Another murmur twined its way to the bar. She frowned as two men in rumpled suit jackets took a seat at the end.
“You can’t deny there’s something here between us.” Michael covered her hand.
She tried to pull away. Her gaze strayed to the two guys at the end of the bar again. “One sec,” she said to Michael.
“Chlo—fuck.” He raked his fingers through his hair.
She couldn’t worry about him right then. She had people to serve. And busy bodies to move along. At least if her instincts proved at all on point. She flicked two coasters at the men. “Can I get you gentlemen something?”
The one on the right had the good grace to look down, but asshat on the left stared right at her. “You’re Chloe Adams right?” His smarmy smile widened. “Or is that Shawcross?”
“I’m just a bartender. And if you’re not looking for a drink then I need those seats for paying customers.”
“Two Miller Lites.”
Of course two of the cheapest beers on the planet. “Coming right up.” She moved to the cooler and popped two tops before setting the sweating bottles on the bar. “Glasses?”
“No, this is fine.” Smarmy dude slid a five on the bar. “Keep the change.”
“Aww, can I really? That whole no cents.” She gave him her fuck-off-you-cheap-bastard smile.
“Well, if you’d answer a few questions we’d definitely give you a tip.”
“Have a good night.” She passed Wanda. “Reporters. Make sure they pay for every drink.”
“You got it.”
She’d been dealing with them for days now. In fact she was be
ginning to recognize the more obnoxious ones. Those two were new, but she wouldn’t forget them. She stopped in front of Michael. “Look, I don’t know if you brought in the new reporters or they’re just finding their way to the bar now too, but I’d appreciate it if you went home and left me the hell alone.”
He flicked his aviators open and put them over his eyes. “Look, I’m sorry—”
“I know you’re sorry. I don’t care. You’re trouble with a billboard sized T. I don’t have any room in my life for you or your cargo plane full of problems. Got me?”
“You were there and married me too, you know.”
“Obviously I can make a mistake. But what I can’t do is have this kind of upheaval in my life. Every time I turn around there’s some news story about you and some Tabitha Tremaine. The last time she was spotted in your apartment was a week ago.” She lowered her voice when two people turned around from a whole table away.
Cripes. He was making her nuts. She was a very calm and together person usually.
The mirrored glasses didn’t allow her to see what was going on in his eyes, but the way his jaw clenched told her enough. Not all rumors there evidently.
He clicked his ring against the bar. “Me and Tabby are over.”
“Was that before or after you crawled out of her bed last week?”

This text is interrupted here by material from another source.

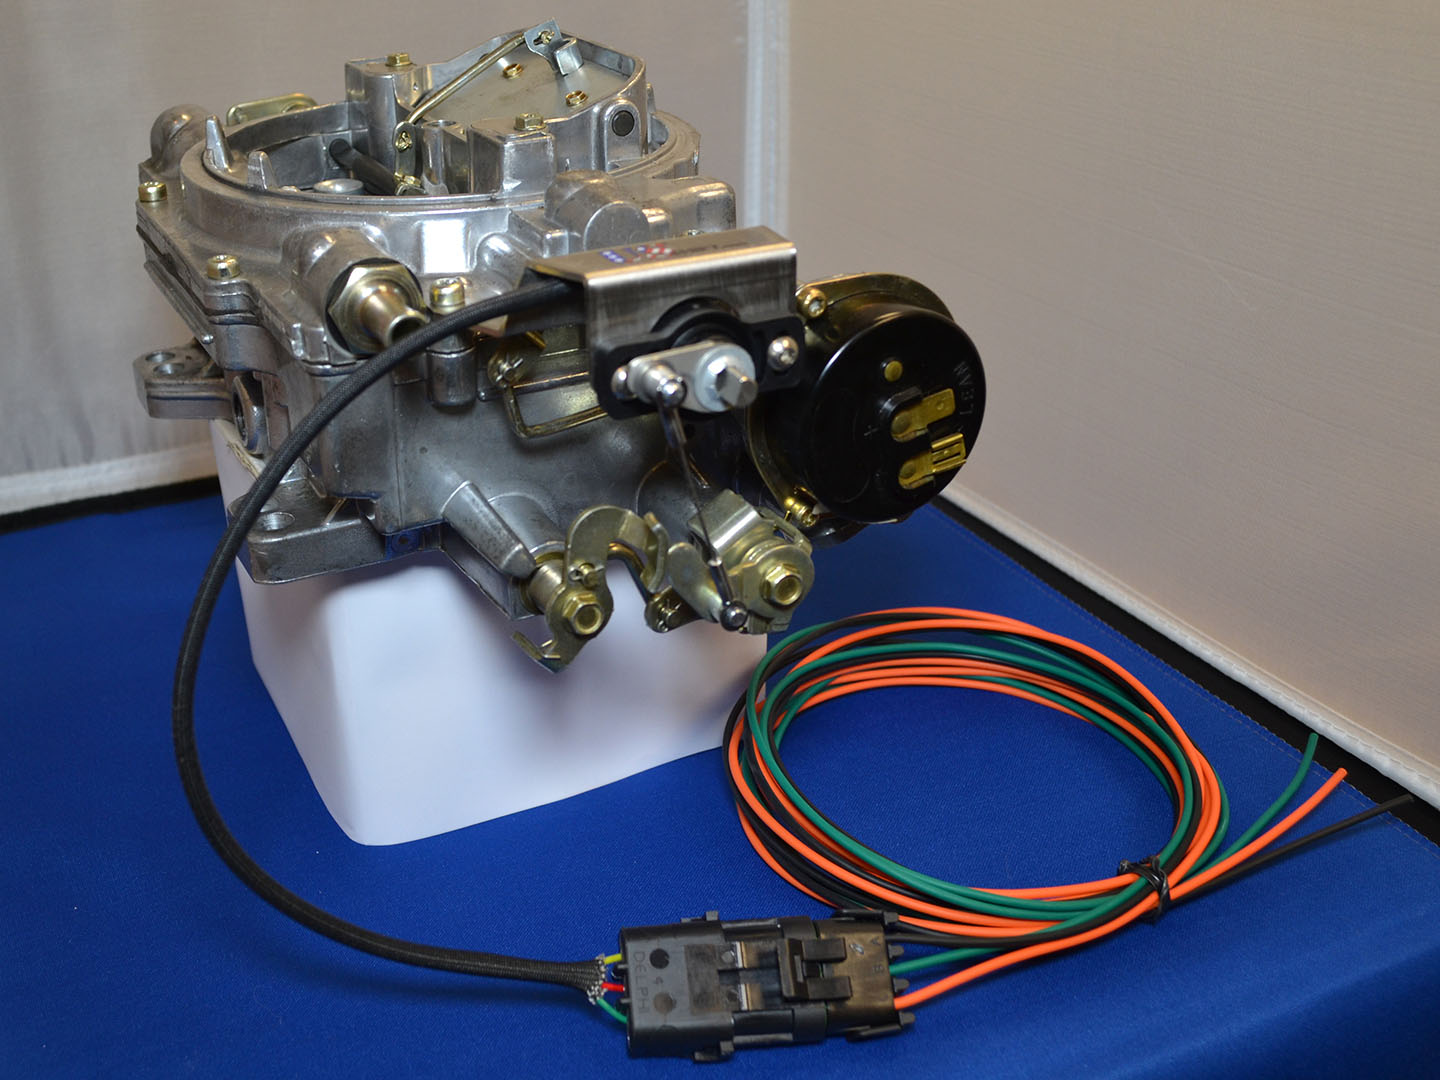 US Shift's TPS Kit installed on Edelbrock carburetor
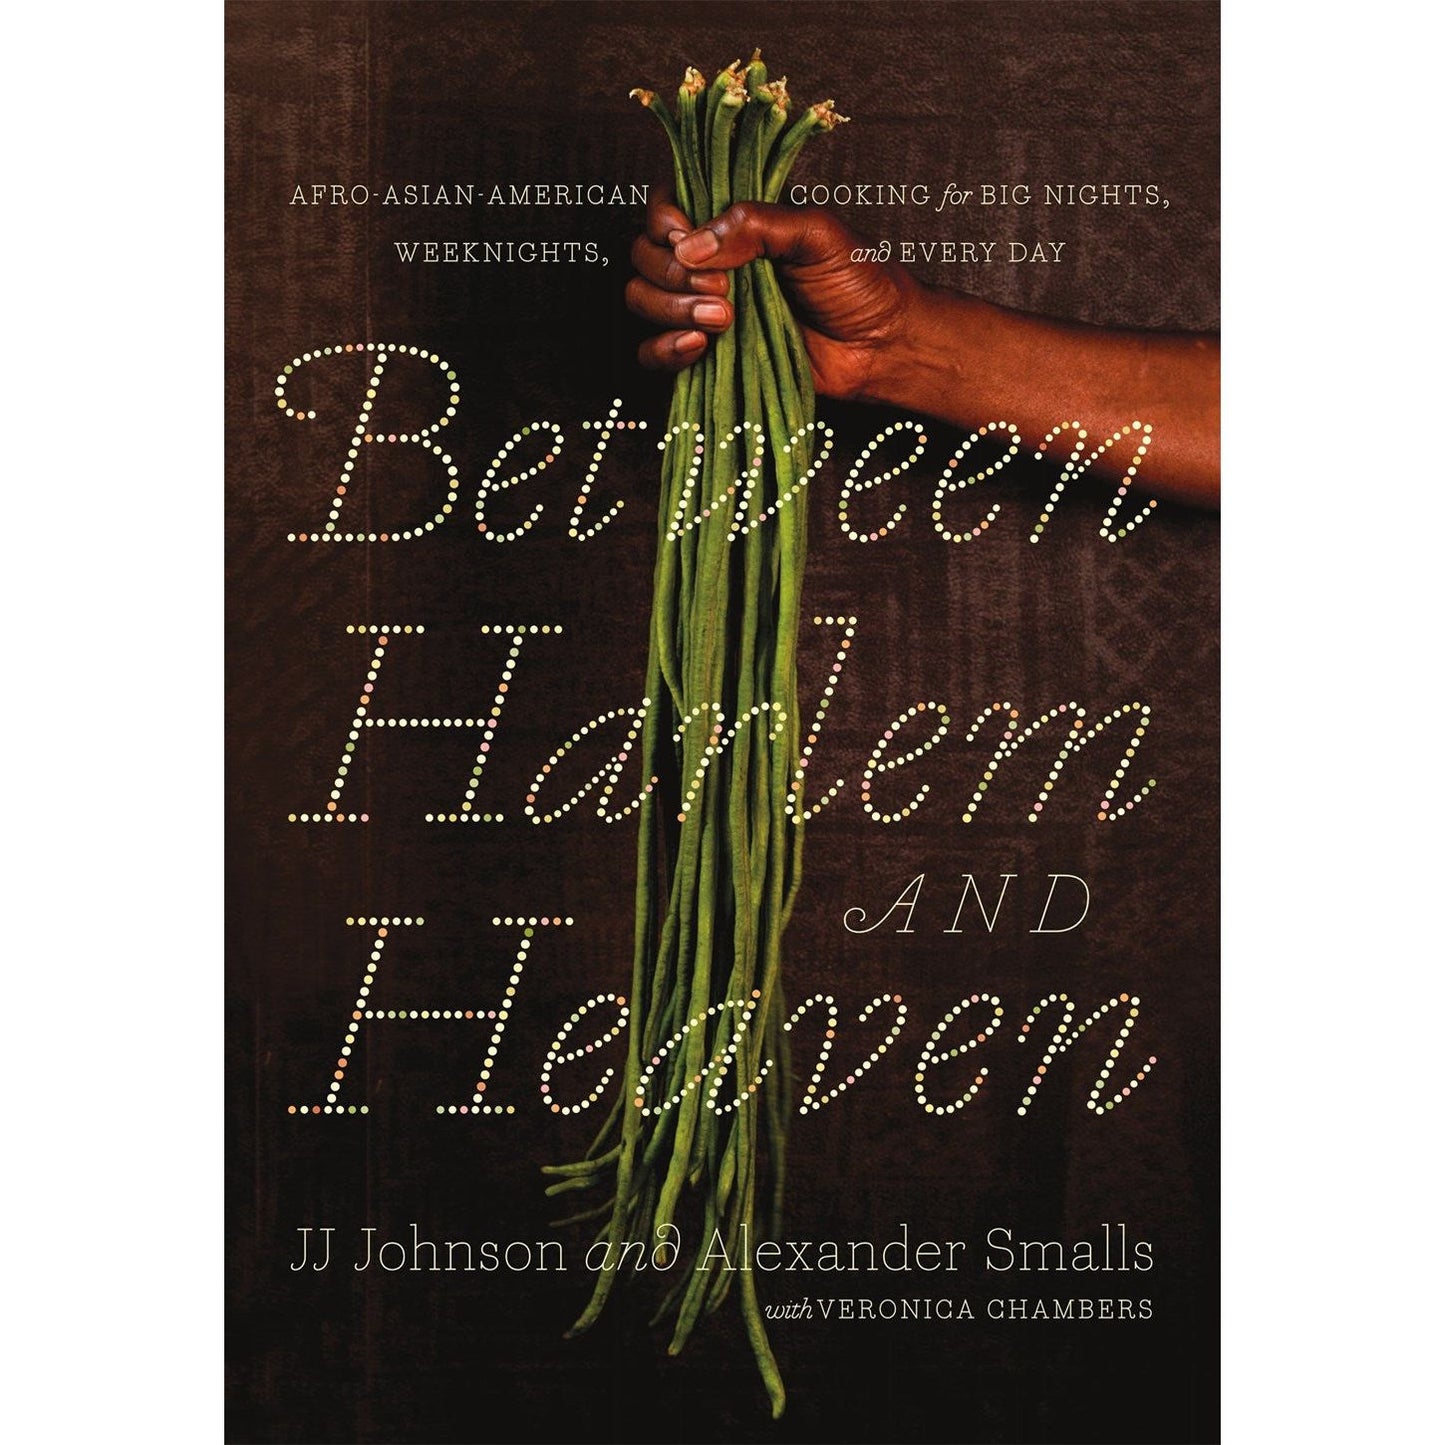 Between Harlem & Heaven (JJ Johnson & Alexander Smalls)

“No, she was crawling out of my bed. Not me into hers.”
“Oh, that’s better.”
“No.” He made a grab for her and Chloe skipped out of reach.
She pulled her towel out of her back pocket and mopped up a puddle of condensation. “Get the hell out of my bar.”
“It’s not like that.” He growled.
“Oh, really?” She stopped and twisted her towel so tight she heard threads popping. “What’s it like then?”
“I didn’t sleep with her, she—dude, she’s crazy. As soon as I found out she was engaged I cut ties. She’s the one that kept thinking we should be together. I don’t do married chicks.”
She stared at him. There were just no words. She whirled away and caught Lou in the doorway of his office, hands on his hips. She grabbed a glass, filled it with Dr. Pepper, and set it in front of him.